Convertible bonds sink after Brexit vote; Tesla stays under pressure; Red Hat loses ground

By Stephanie N. Rotondo

Seattle, June 24 – The convertible bond market was following in line with the broader markets on Friday – that is, it was trading off on news the United Kingdom had voted to leave the European Union.

Still, the carnage was not untenable, at least according to one trader.

“There’s really no panic,” he said. He speculated that once European markets closed for the week, the U.S. markets “could totally reverse.” He also noted that in the European markets, the pain was being felt more outside of the U.K. than inside.

“The panic is in the rest of Europe,” he said.

And while U.S. markets did manage to pare some of their losses, the rebound was short lived. The Dow Jones industrial average, for instance, opened the day off over 500 points, but soon recovered a bit to being off only 300-and some points. By the end of the day, the Dow had dropped about 611 points.

As for the day’s dealings, Tesla Motors Inc.’s 0.25% convertible notes due 2019 continued to “follow the stock down,” a trader said.

He placed the bonds at 87.25. For its part, the equity was off $3.25, or 1.65%, at $193.15.

The name has been pressured for the last several days, ever since Tesla’s Elon Musk said he wanted the automotive company to purchase SolarCity Corp., another company in which Musk has a stake. The bonds and stock have waned as the deal has not generated a lot of investor support.

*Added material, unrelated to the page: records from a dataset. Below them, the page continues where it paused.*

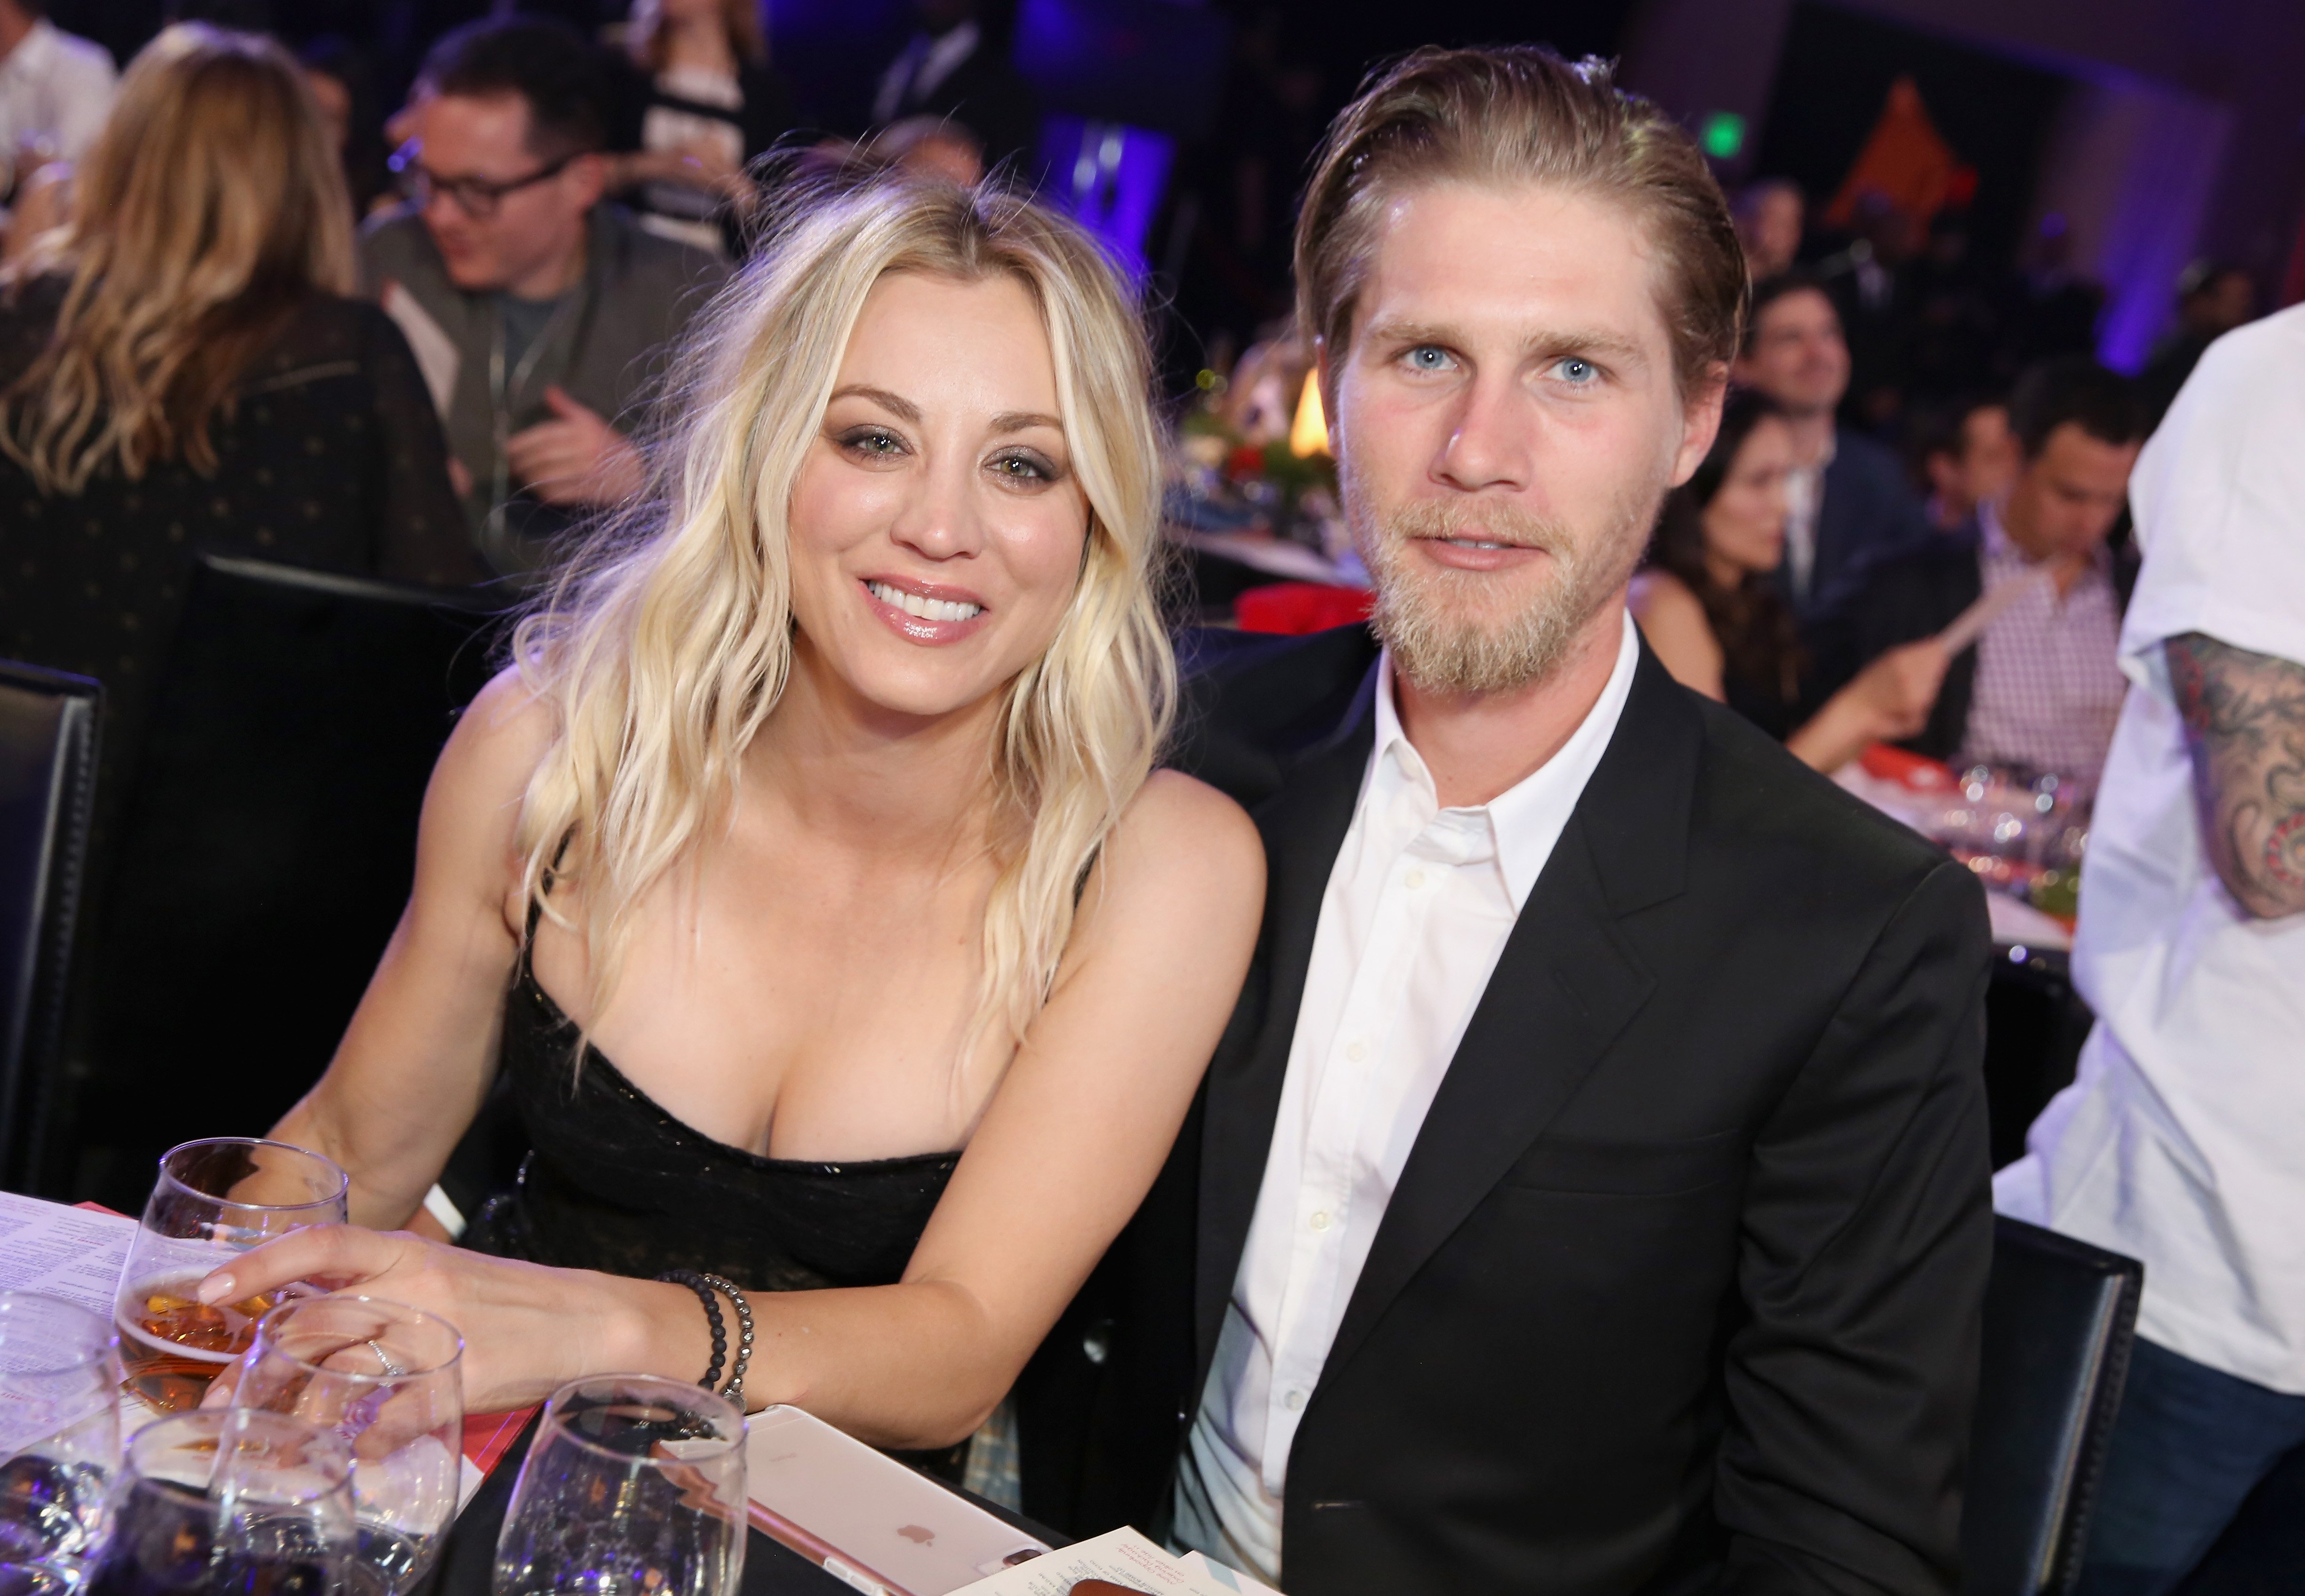 Kaley Cuoco and Karl Cook at Seth Rogen's Hilarity For Charity at Hollywood Palladium in Los Angeles, California | Photo: Rachel Murray/Getty Images for Netflix
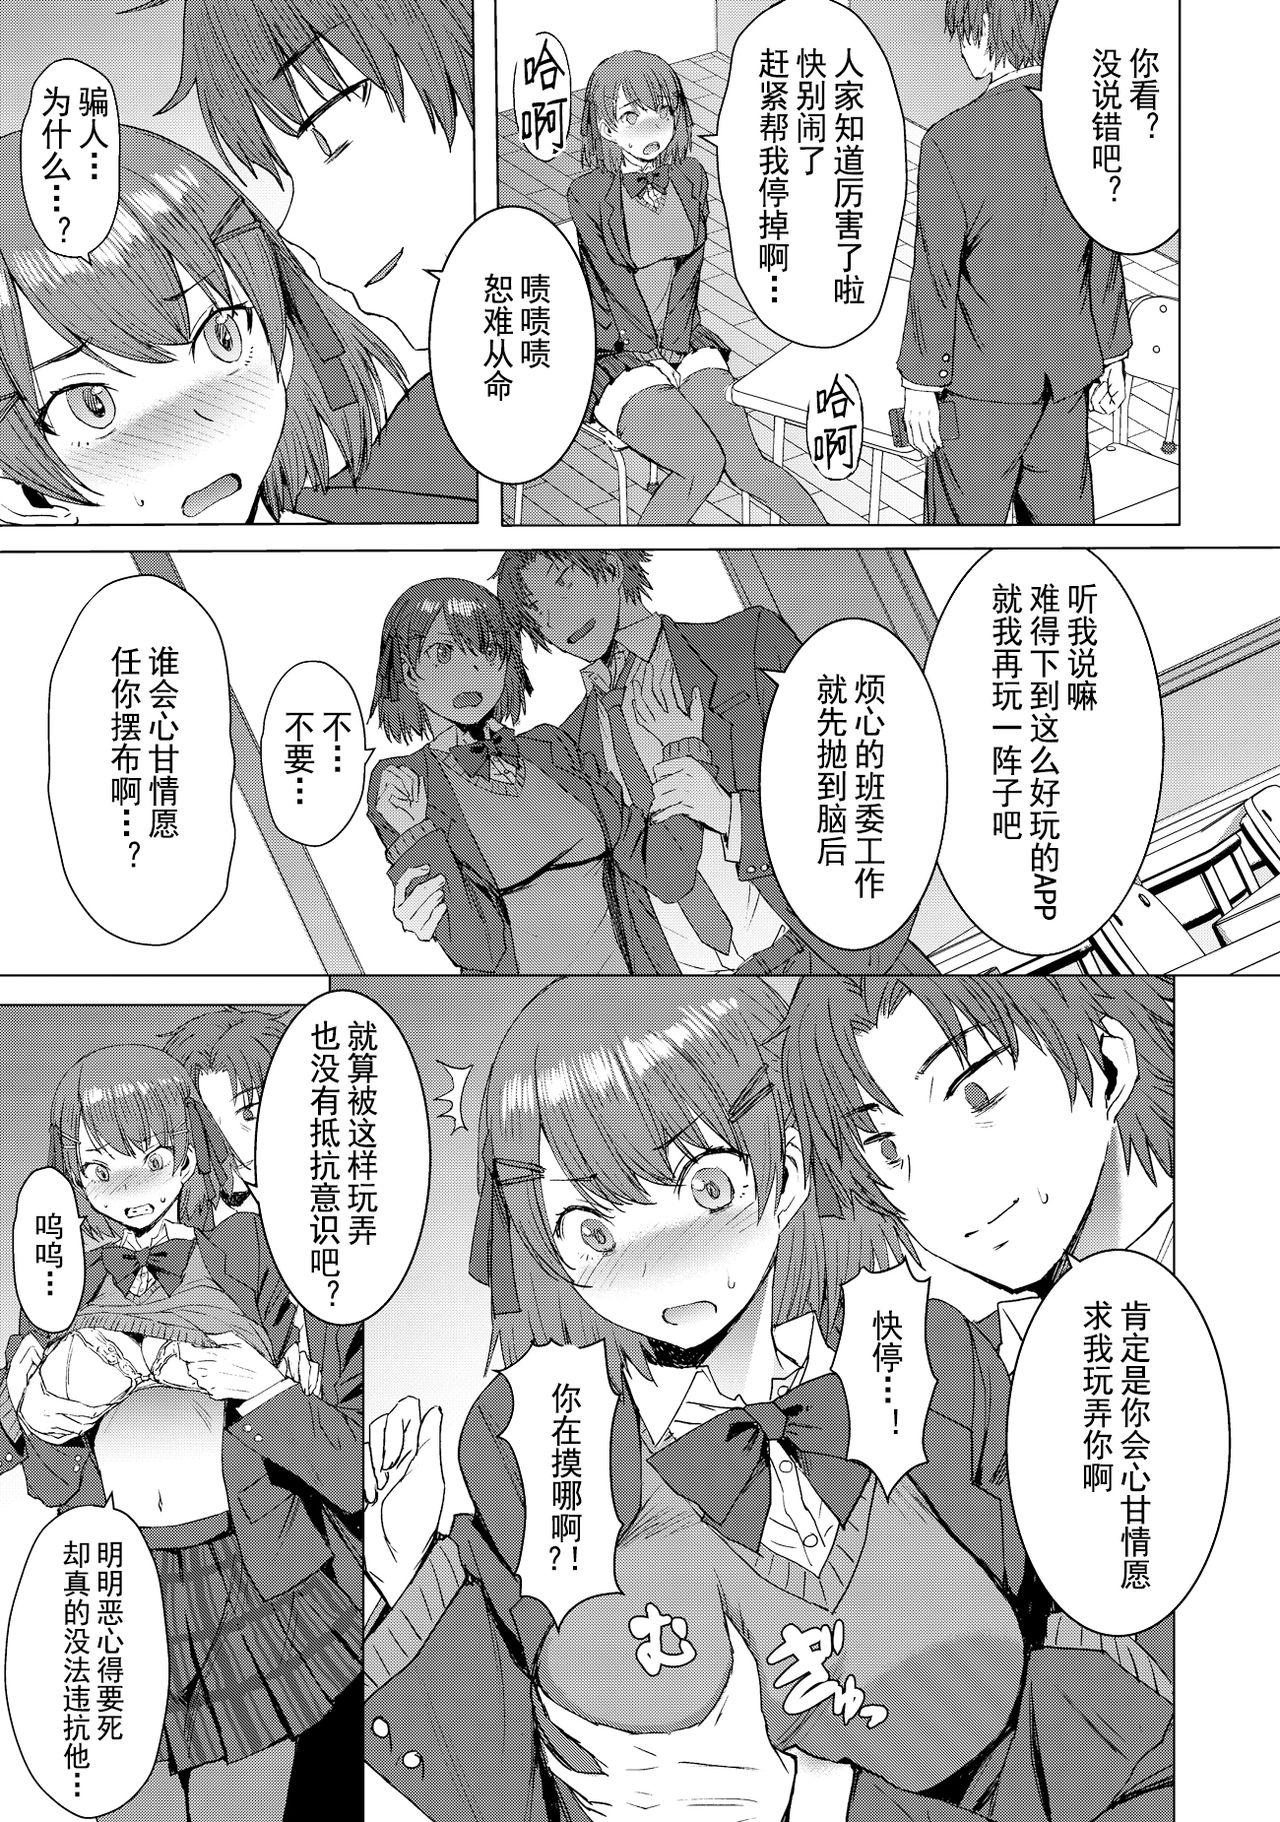 Sexy Girl Inmon Koubi Appli - The application of lewd pattern mating - Original Trimmed - Page 11
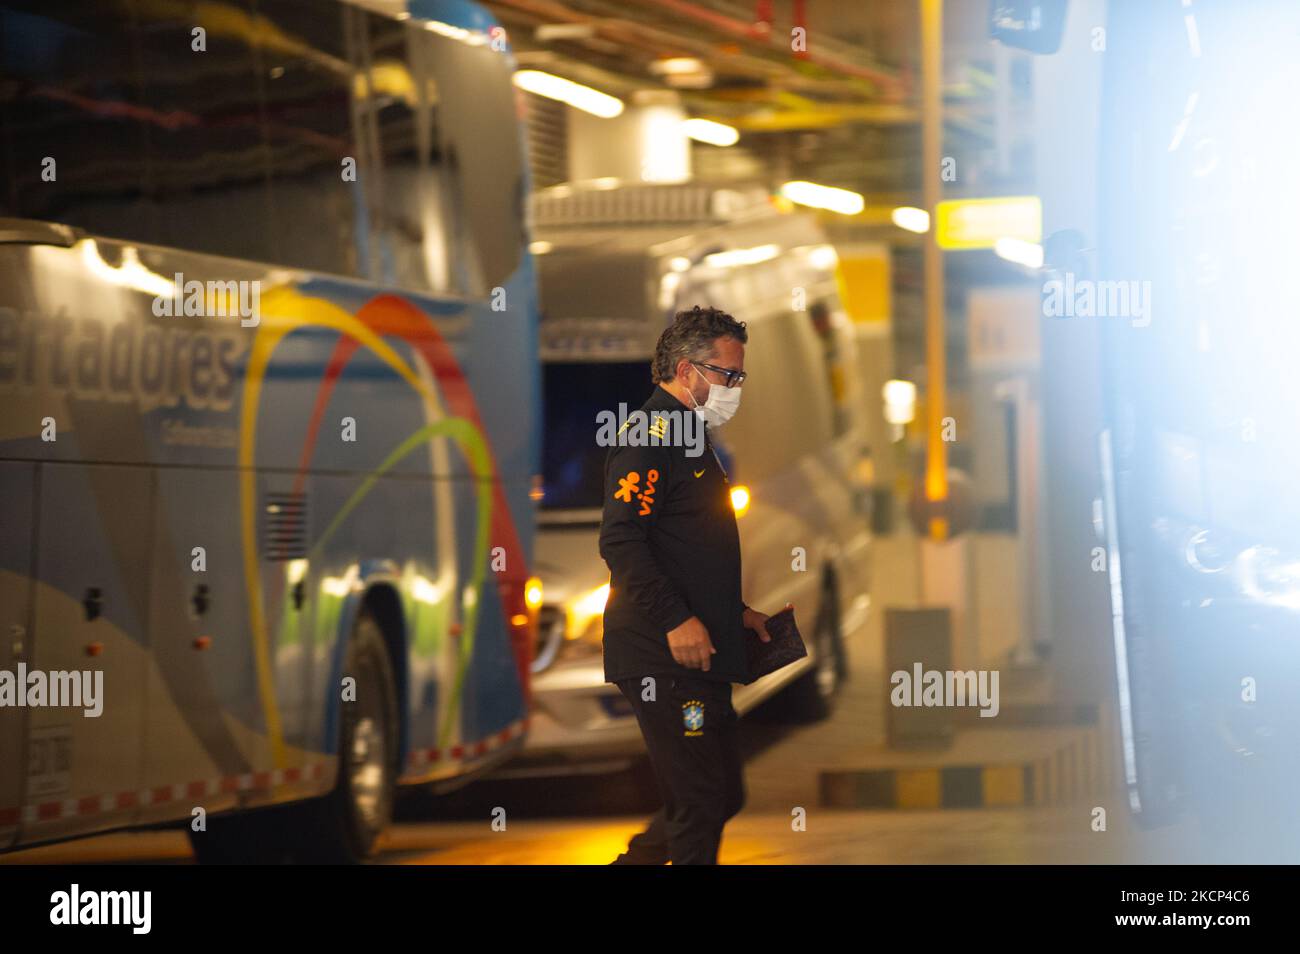 A member of Brazil's national team tecnical comission boards a bus as members of the Brazil federation of football team board their bus at the Grand Hyatt Hotel in Bogota, Colombia to be transported to the Techo stadium for practice against the qualifying matches between Venezuela and Colombia, on October 4, 2021. (Photo by Sebastian Barros/NurPhoto) Stock Photo

Oddly enough, trading in SolarCity was practically non-existent during Friday’s session.

Micron Technology Inc.’s paper, however, was on the busier side. A trader said the 3% convertible notes due 2043 were trading “just under 75,” equaling a 4.5% yield to put in 2028.

That stock was off 84 cents, or 5.98%, at $13.21.

Red Hat tips with market

Red Hat Inc.’s 0.25% convertible notes due 2019 were trading actively on Friday in an otherwise muted trading session.

A trader placed the issue at 123.25 versus a stock price of $75.25.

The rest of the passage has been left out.